Publication Abstract from PubMed
Despite being crucial for energy generation in most forms of life, few if any microbial antibiotics specifically inhibit glycolysis. To develop a specific inhibitor of the glycolytic enzyme enolase 2 (ENO2) for the treatment of cancers with deletion of ENO1 (encoding enolase 1), we modeled the synthetic tool compound inhibitor phosphonoacetohydroxamate (PhAH) into the active site of human ENO2. A ring-stabilized analog of PhAH, in which the hydroxamic nitrogen is linked to Calpha by an ethylene bridge, was predicted to increase binding affinity by stabilizing the inhibitor in a bound conformation. Unexpectedly, a structure-based search revealed that our hypothesized backbone-stabilized PhAH bears strong similarity to SF2312, a phosphonate antibiotic of unknown mode of action produced by the actinomycete Micromonospora, which is active under anaerobic conditions.

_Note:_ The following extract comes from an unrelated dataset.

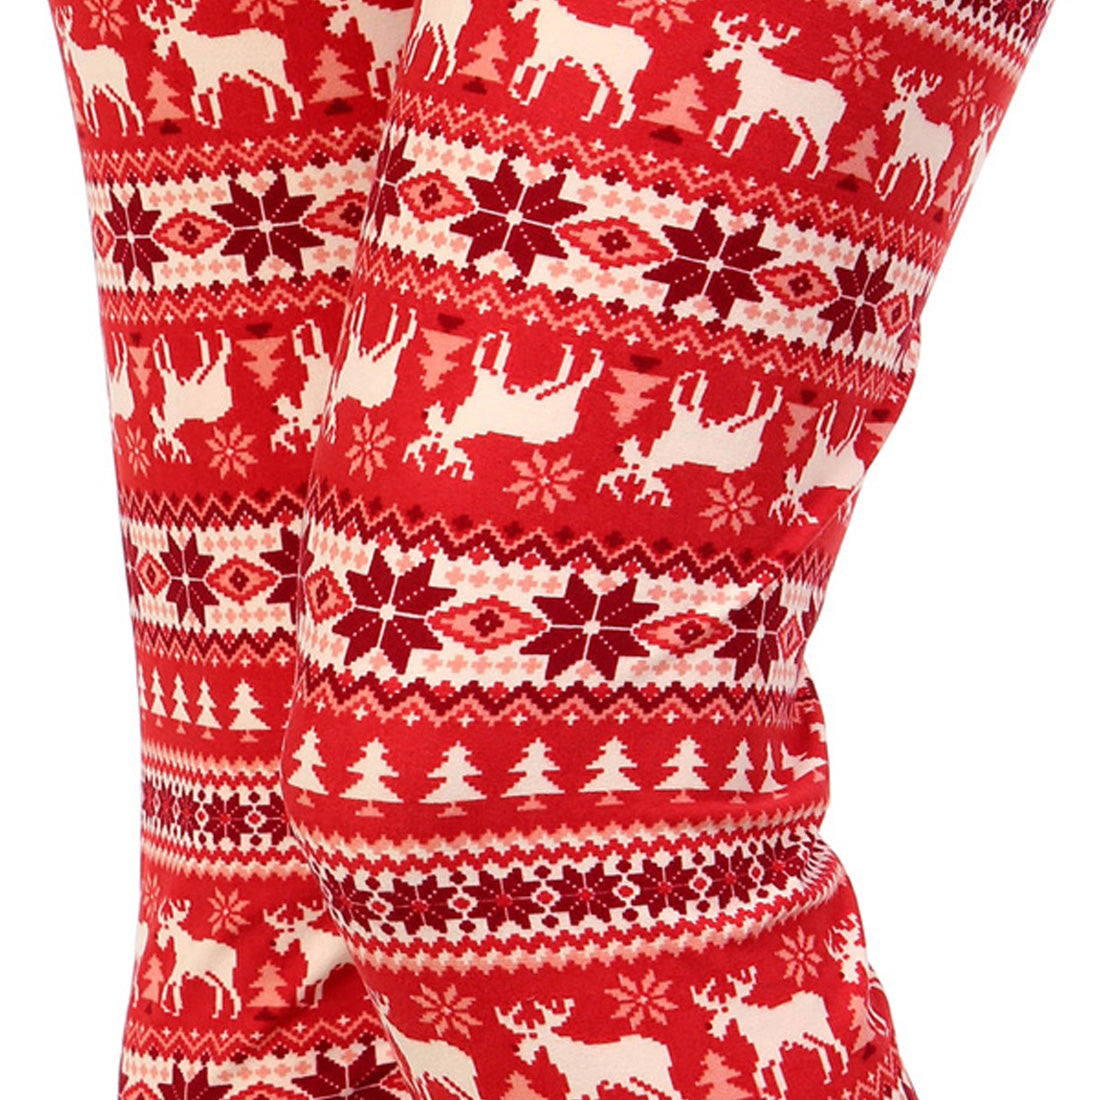 Reindeer Rally Christmas Leggings – Leg Smart

Here, we present multiple lines of evidence, including a novel X-ray structure, that SF2312 is a highly potent, low-nanomolar inhibitor of enolase.
SF2312 is a natural phosphonate inhibitor of enolase.,Leonard PG, Satani N, Maxwell D, Lin YH, Hammoudi N, Peng Z, Pisaneschi F, Link TM, Lee GR 4th, Sun D, Prasad BA, Di Francesco ME, Czako B, Asara JM, Wang YA, Bornmann W, DePinho RA, Muller FL Nat Chem Biol. 2016 Oct 10. doi: 10.1038/nchembio.2195. PMID:27723749[1]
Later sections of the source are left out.